New Features in Apache Pig 0.8

Posted in programming by squarecog on December 19, 2010

The Pig 0.8 release includes a large number of bug fixes and optimizations, but at the core it is a feature release. It’s been in the works for almost a full year (most of the work on 0.7 was completed by January of 2009, although it took a while to actually get the release out), and the amount of time spent on 0.8 really shows.

I meant to describe these in detail in a series of posts, but it seems blogging regularly is not my forte. This release is so chock-full of great new features, however, that I feel compelled to at least list them. So, behold, in no particular order, a non-exhaustive list of new features I am excited about in Pig 0.8:

  • Support for UDFs in scripting languages
  • This is exactly what it sounds like — if your favorite language has a JVM implementation, it can be used to create Pig UDFs.

    Pig now ships with support for UDFs in Jython, but other languages can be supported by implementing a few interfaces. Details about the Pig UDFs in Python can be found here: http://pig.apache.org/docs/r0.8.0/udf.html#Python+UDFs

    This is the outcome of PIG-928; it was quite a pleasure to watch this develop over time — while most Pig tickets wind up getting worked on by at most one or two people, this turned into a collaboration of quite a few developers, many of them new to the project — Kishore Gopalakrishna’s patch was the initial conversation starter, which was then hacked on or merged into similar work by Woody Anderson, Arnab Nandi, Julien Le Dem, Ashutosh Chauhan and Aniket Mokashi (Aniket deserves an extra shout-out for patiently working to incorporate everyone’s feedback and pushing the patch through the last mile).

  • PigUnit
  • A contribution by Romain Rigaux, PigUnit is exactly what it sounds like — a tool that simplifies the Pig users’ lives by giving them a simple way to unit test Pig scripts.

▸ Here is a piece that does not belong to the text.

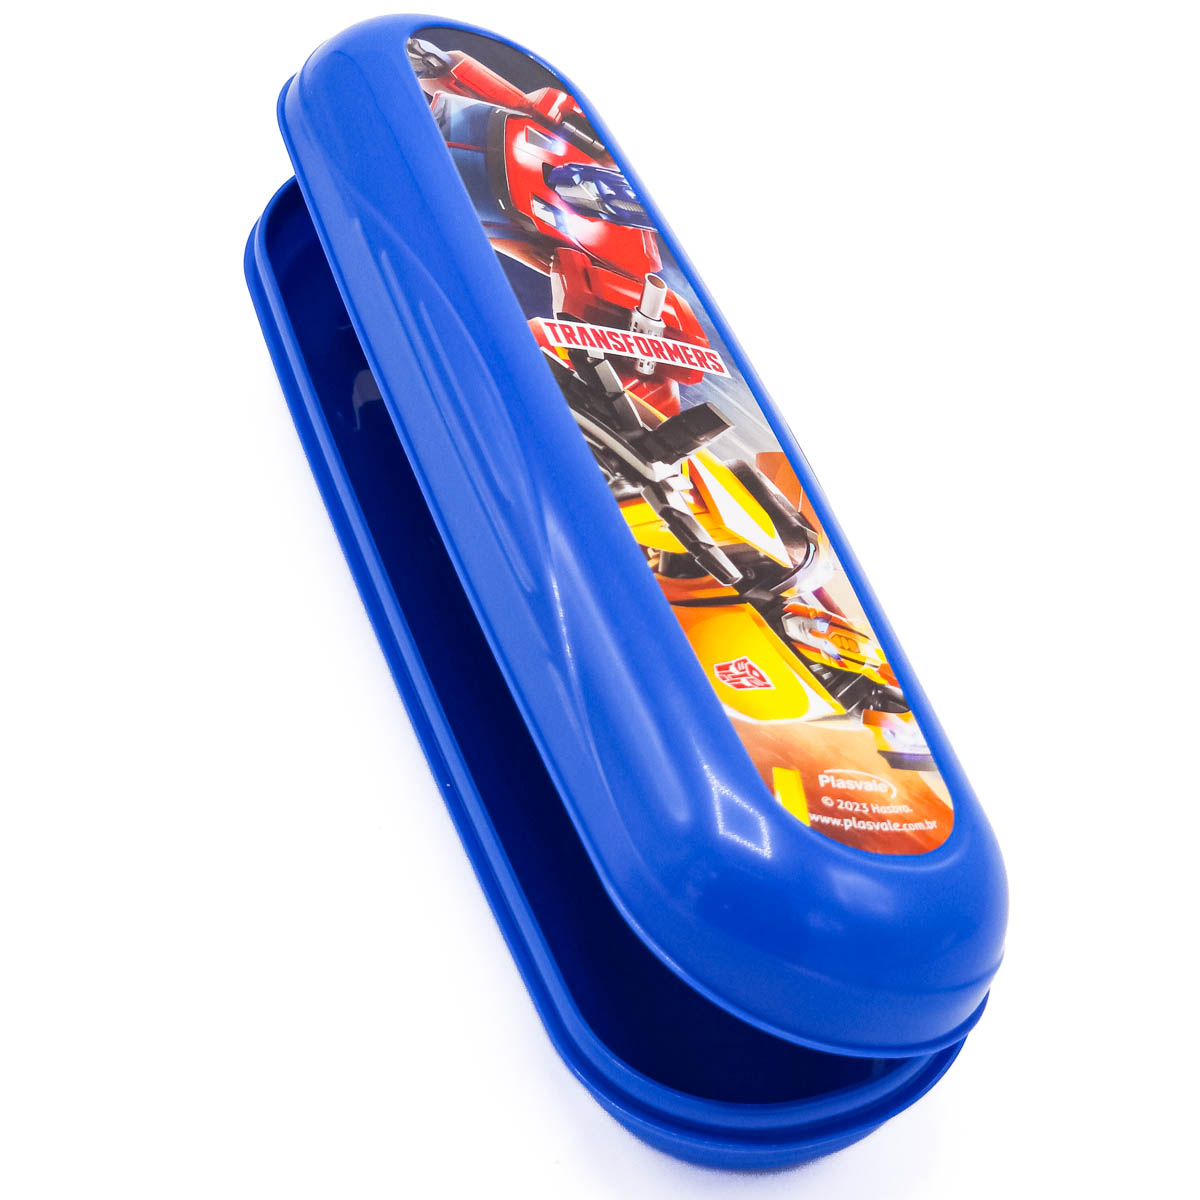 Imagem do produto: Estojo Porta Escova de Dente Infantil Transformers 
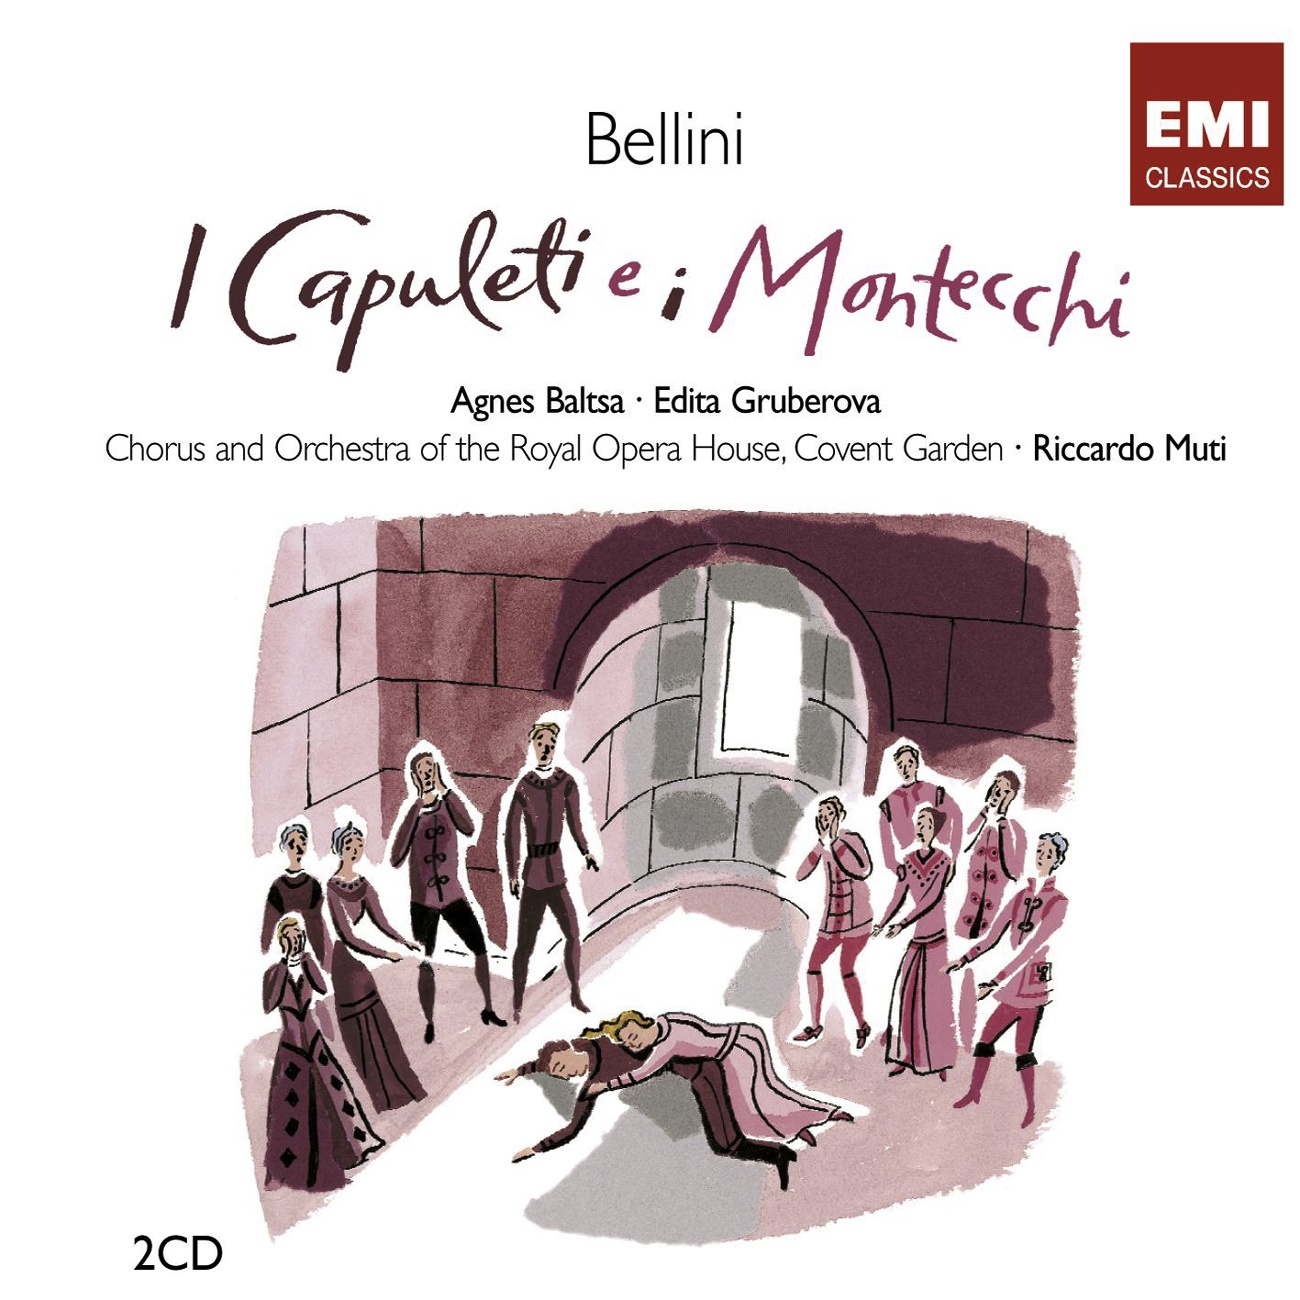 I Capuleti e i Montecchi, ATTO SECONDO Scene 1: Morte io non tremo il sai (Giulietta/Romeo)

    The documentation at http://pig.apache.org/docs/r0.8.0/pigunit.html and the code at http://svn.apache.org/viewvc/pig/trunk/test/org/apache/pig/test/pigunit/TestPigTest.java?view=markup speak for themselves as far as usage.

  • PigStats
  • Pig can now provide much better visibility into what is going on inside a Pig job than it ever did before, thanks to extensive work by Richard Ding (see PIG-1333 and PIG-1478). This feature is a feature in three parts:

    1. Script statistics.
    This is the most easily visible change. At the end of running a script, Pig will output a table with some basic statistics regarding the jobs that it ran. It looks something like this:

    Job Stats (time in seconds):

    JobId Maps Reduces Max
    Alias Feature Outputs
    job_xxx 1654 218 84 6 14 107 87 99 counted_data,
    job_xxx 2 1 9 6 7 13 13 13 ordered_data SAMPLER
    job_xxx 2 1 26 18 22 31 31 31 ordered_data ORDER_BY hdfs://tmp/out,

    This is extremely useful when debugging slow jobs, as you can immediately identify which stages of your script are slow, and correlate the slow Map-Reduce jobs with the actual Pig operators and relations in your script — something that was not trivial before (folks often resorted to setting parallelism to slightly different numbers for every join and group just to figure out which job was doing what. No more of this!)

    2. Data in Job XML

    Pig now inserts several interesting properties into the Hadoop jobs that it generates, including the relations being generated, Pig features being used, and ids of parent Hadoop jobs. This is quite helpful when monitoring a cluster, and is also handy when examining job history using the HadoopJobHistoryLoader , now part of piggybank (use Pig to mine your job history!).

    3. PigRunner API

    The same information that is printed out when Pig runs the script from a command line is available if one uses the Java API to start Pig jobs. If you start a script using the PigRunner.run(String args[], ProgressNotificationListener listener), you will get as a result a PigStats object that gives you access to the job hierarchy, the Hadoop counters from each job, and so on. You can implement the optional ProgressNotificationListener if you want to watch the job as it progresses; the listener will be notified as different component jobs start and finish.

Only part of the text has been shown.